Acetaminophen as a Renoprotective Adjunctive Treatment in Patients With Severe and Moderately Severe Falciparum Malaria: A Randomized, Controlled, Open-Label Trial

Abstract

Background: Acute kidney injury independently predicts mortality in falciparum malaria. It is unknown whether acetaminophen's capacity to inhibit plasma hemoglobin-mediated oxidation is renoprotective in severe malaria.

Methods: This phase 2, open-label, randomized controlled trial conducted at two hospitals in Bangladesh assessed effects on renal function, safety, pharmacokinetic (PK) properties and pharmacodynamic (PD) effects of acetaminophen. Febrile patients (>12 years) with severe falciparum malaria were randomly assigned to receive acetaminophen (1 g 6-hourly for 72 hours) or no acetaminophen, in addition to intravenous artesunate. Primary outcome was the proportional change in creatinine after 72 hours stratified by median plasma hemoglobin.

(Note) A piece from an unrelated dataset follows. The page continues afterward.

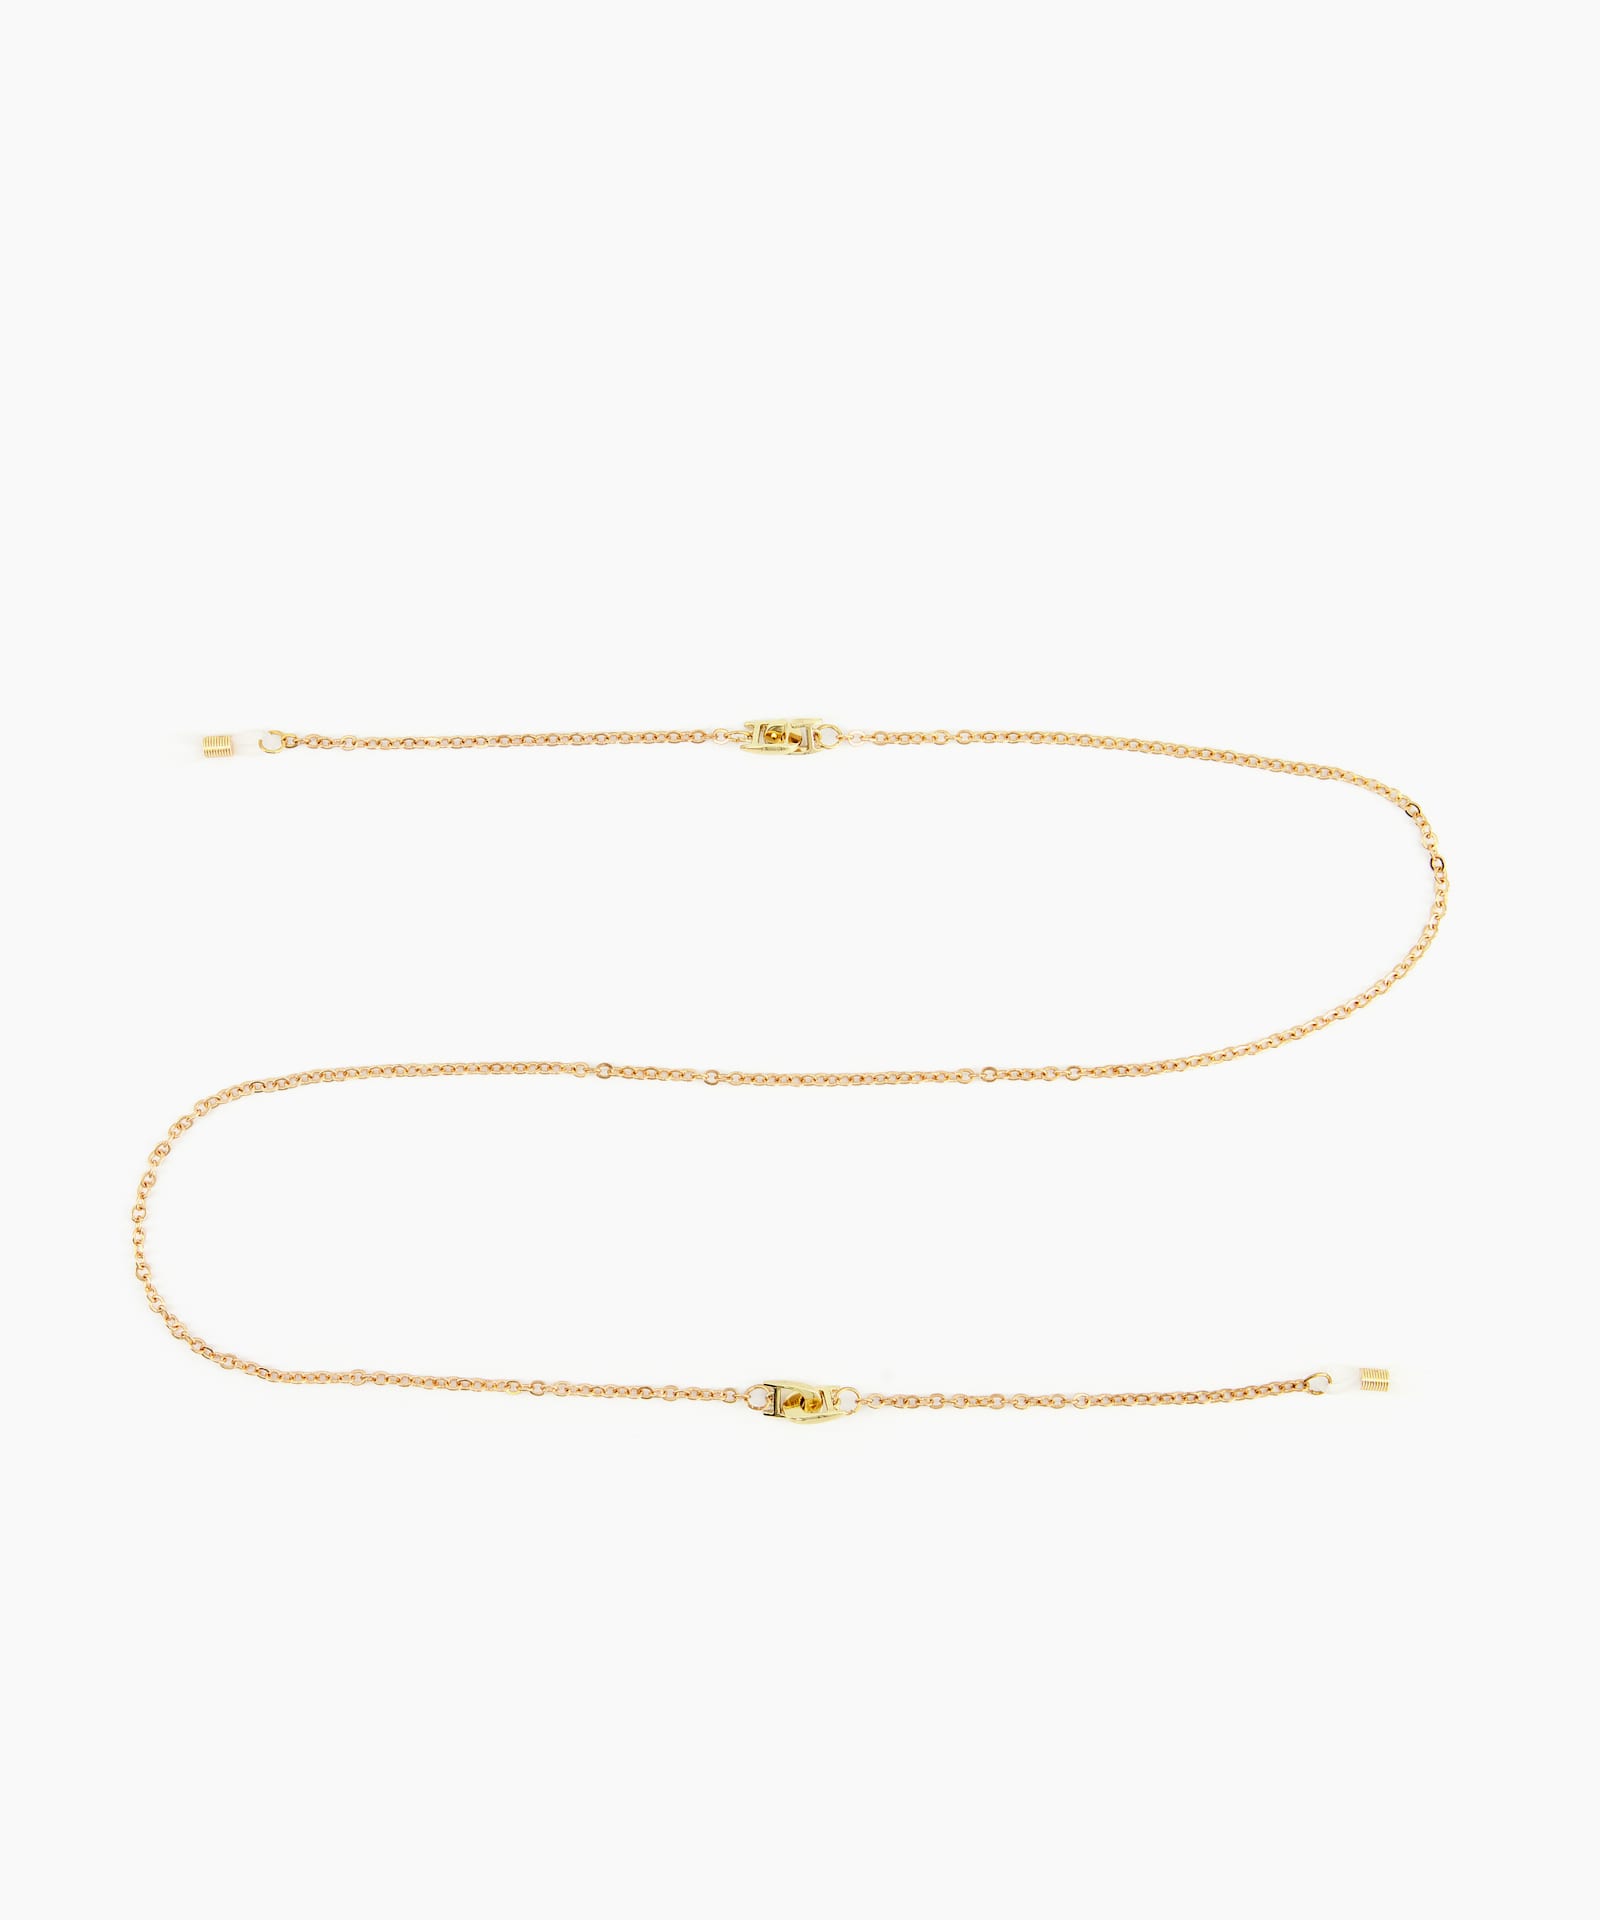 Sunglass Chain, Gold, large

Results: Between 2012 and 2014, 62 patients were randomly assigned to receive acetaminophen (n = 31) or no acetaminophen (n = 31). Median (interquartile range) reduction in creatinine after 72 hours was 23% (37% to 18%) in patients assigned to acetaminophen, versus 14% (29% to 0%) in patients assigned to no acetaminophen (P = .043). This difference in reduction was 37% (48% to 22%) versus 14% (30% to -71%) in patients with hemoglobin ≥45000 ng/mL (P = .010). The proportion with progressing kidney injury was higher among controls (subdistribution hazard ratio, 3.0; 95% confidence interval, 1.1 to 8.5; P = .034). PK-PD analyses showed that higher exposure to acetaminophen increased the probability of creatinine improvement. No patient fulfilled Hy's law for hepatotoxicity.

Conclusions: In this proof-of-principle study, acetaminophen showed renoprotection without evidence of safety concerns in patients with severe falciparum malaria, particularly in those with prominent intravascular hemolysis.

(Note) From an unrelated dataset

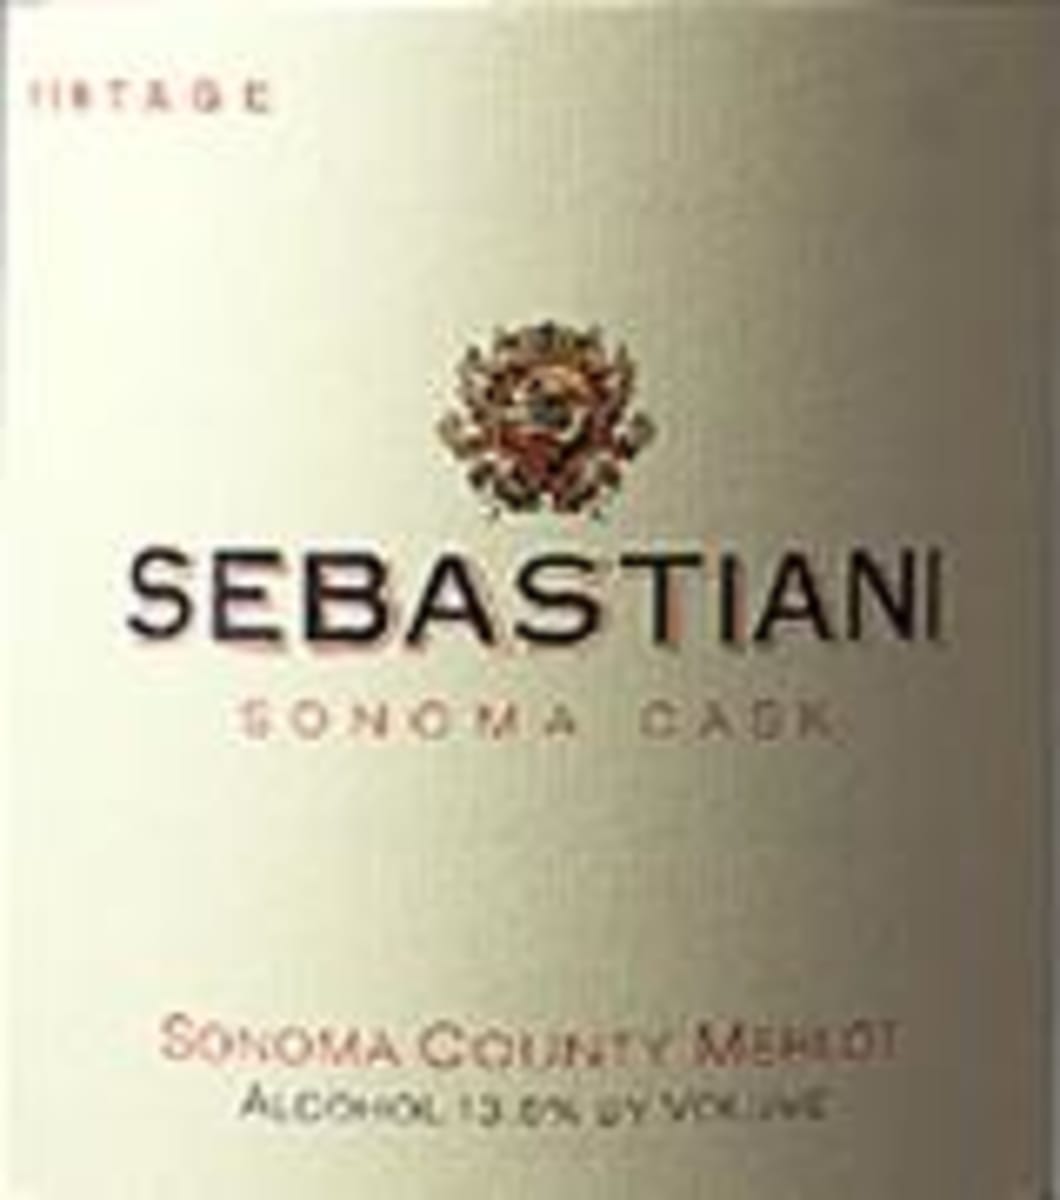 Sebastiani Sonoma Cask Merlot 1996 Front Label

Clinical trials registration: NCT01641289.

Figure 1.

Flow chart for the “Acetaminophen as a Renoprotective Adjunctive Treatment in Patients With Severe and Moderately Severe Falciparum Malaria” study. *A total of 30 patients were recruited in Chittagong, Bangladesh, and 32 patients were recruited in Ramu, Bangladesh. Abbreviation: NG, nasogastric.

Figure 2.

Effect of acetaminophen on creatinine stratified by intravascular hemolysis. Creatinine mean percent change from baseline at 12, 24, 36, 60, 48, and 72 hours of entire cohort (A) and patients stratified by level of intravascular hemolysis (B and C). Plasma cell-free hemoglobin (CFH) ≥45000 ng/mL (B); plasma CFH <45000 ng/mL (C); patients stratified by level of lipid peroxidation (D and E); plasma F₂- isoprostanes (IsoPs) ≥22 pg/mL (D); plasma F₂-IsoPs <22 pg/mL (E). A total of 35 of 434 (8%) creatinine sampling time points were missing and replaced by imputed values (for details see Supplementary Table 2). Frequencies in rows below figures represent number of patients (n) at each time point. P value represents overall treatment effect. Abbreviations: Cr, creatinine; CFH, cell-free hemoglobin; F₂-IsoPs, F₂-isoprostanes.

Figure 3.

Kaplan–Meier plot comparing in-hospital acute kidney injury (AKI) development in patients with severe and moderately severe malaria treated with either acetaminophen or no acetaminophen (control). Patients were classified as developing AKI if they had a creatinine rise of ≥26.5 µmol/L after admission. A total of 17/62 (27%) patients had AKI during admission: 12/17 (38%) in the control group and 5/12 (16%) in the acetaminophen group. Competing risks regression adjusted by study site was used to assess subdistribution hazard ratio. Patients were censored at the time of creatinine rise meeting Kidney Disease: Improving Global Outcomes criteria and death censored as a competing risk preventing the primary event of interest (AKI) from occurring. Abbreviations: CI, confidence interval; KDIGO, Kidney Disease: Improving Global Outcomes; SHR, subdistribution hazard ratio.